3. The "Project Manager" Strategy (Workflow Decomposition)

The Analogy: Instead of one big team trying to do everything at once, you break the recipe into tiny, independent steps managed by a strict Project Manager (a Workflow System).

  • Step 1: Chef A chops onions (uses 2 computers).
  • Step 2: Chef B uses the magical oven (uses 0 computers).
  • Step 3: Chef C mixes the batter (uses 4 computers).

The Project Manager only hires the specific number of chefs needed for that specific step. If Step 2 doesn't need any chefs, the kitchen hires zero chefs for that moment.

  • How it works: The application is built as a chain of tasks. The system only turns on the lights (computers) when a task is actually happening.
  • Best for: Complex, new recipes where the quantum part is a long, distinct phase.
  • The Benefit: This is the most efficient way to save resources (up to 64% less waste!).
  • The Catch: You have to design the recipe from scratch as a series of steps. It's harder to set up than the other two methods.

The Big Picture: Which one should you choose?

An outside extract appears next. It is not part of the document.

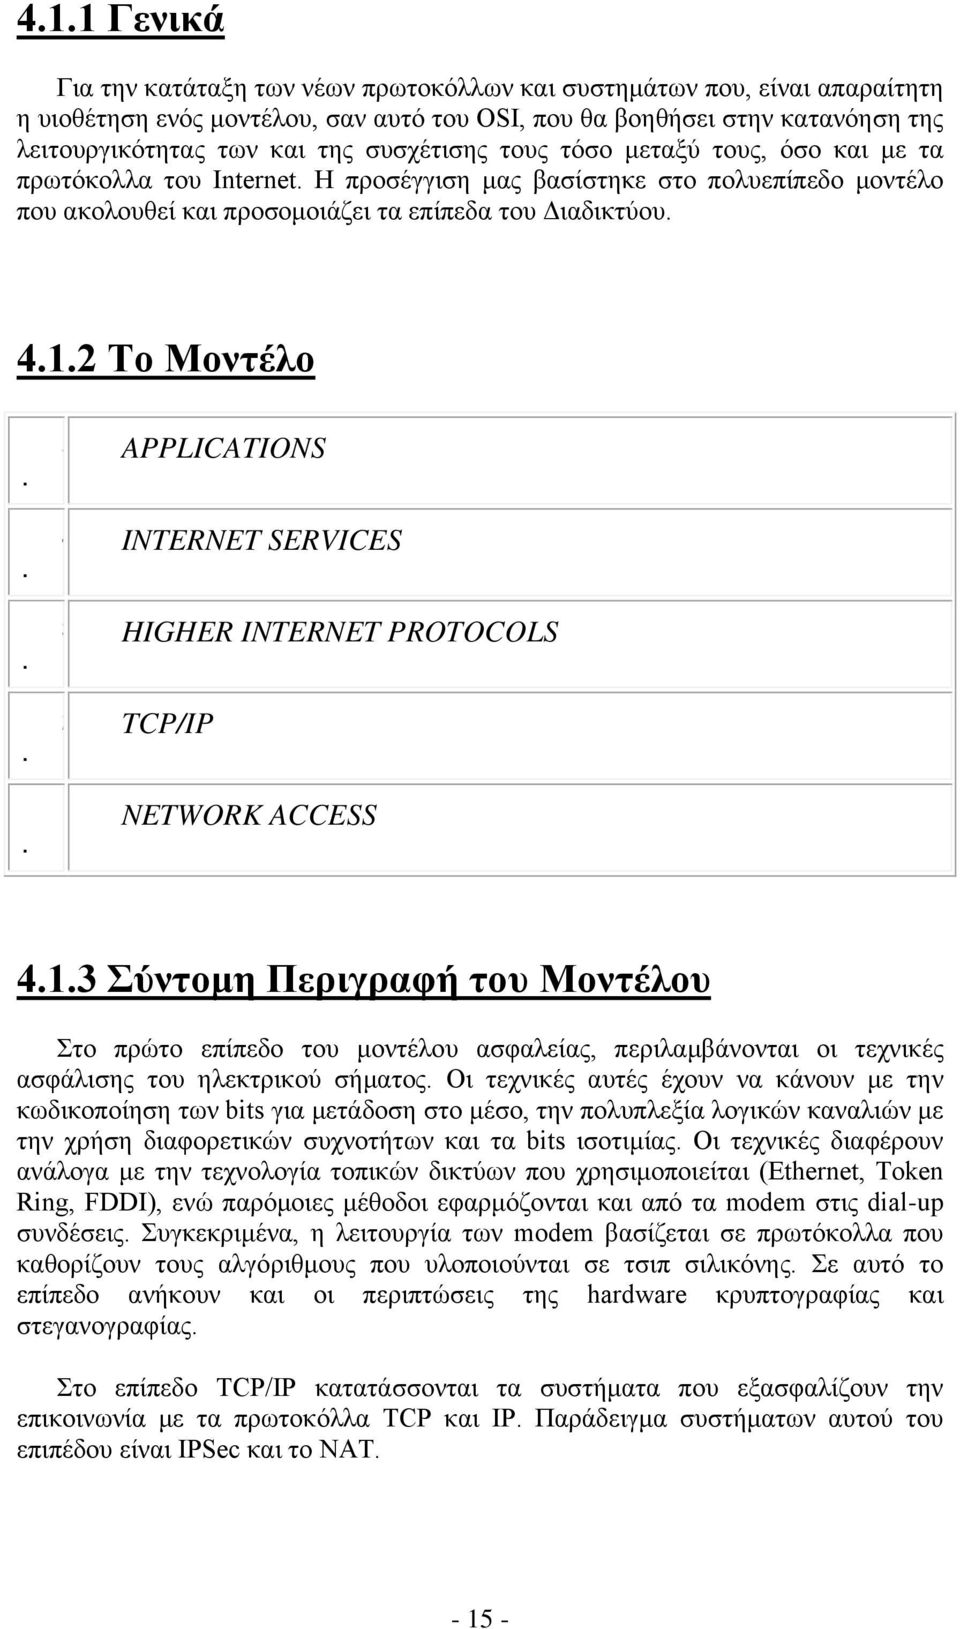 .... 5 4 3 2 APPLICATIONS INTERNET SERVICES HIGHER INTERNET PROTOCOLS TCP/IP NETWORK ACCESS 4.1.

The paper tested these strategies on real supercomputers and a real quantum computer. Here is the verdict:

  • If your quantum part is super fast (like a microwave): Use Strategy #1 (Time-Share). It makes the oven work harder, and the whole system finishes faster. You don't even need to change your code.
  • If your quantum part is slow (like a slow cooker): Use Strategy #2 (Flexible Team) or Strategy #3 (Project Manager). These stop you from wasting money on idle computers while waiting for the slow cooker to finish.
    • Strategy #2 is great if you already have a big team (MPI app) and just want to shrink them temporarily.
    • Strategy #3 is the ultimate resource saver if you are building a new app from the ground up.

The Takeaway:
You don't have to pick just one. You can use a Project Manager (Strategy #3) to run your app, and inside that app, use a Flexible Team (Strategy #2) to save power. And underneath it all, the kitchen can use Time-Sharing (Strategy #1) to make sure the magical oven is never sitting empty.

By mixing and matching these strategies, we can make the transition to "Quantum-Hybrid" computing smooth, efficient, and ready for the future.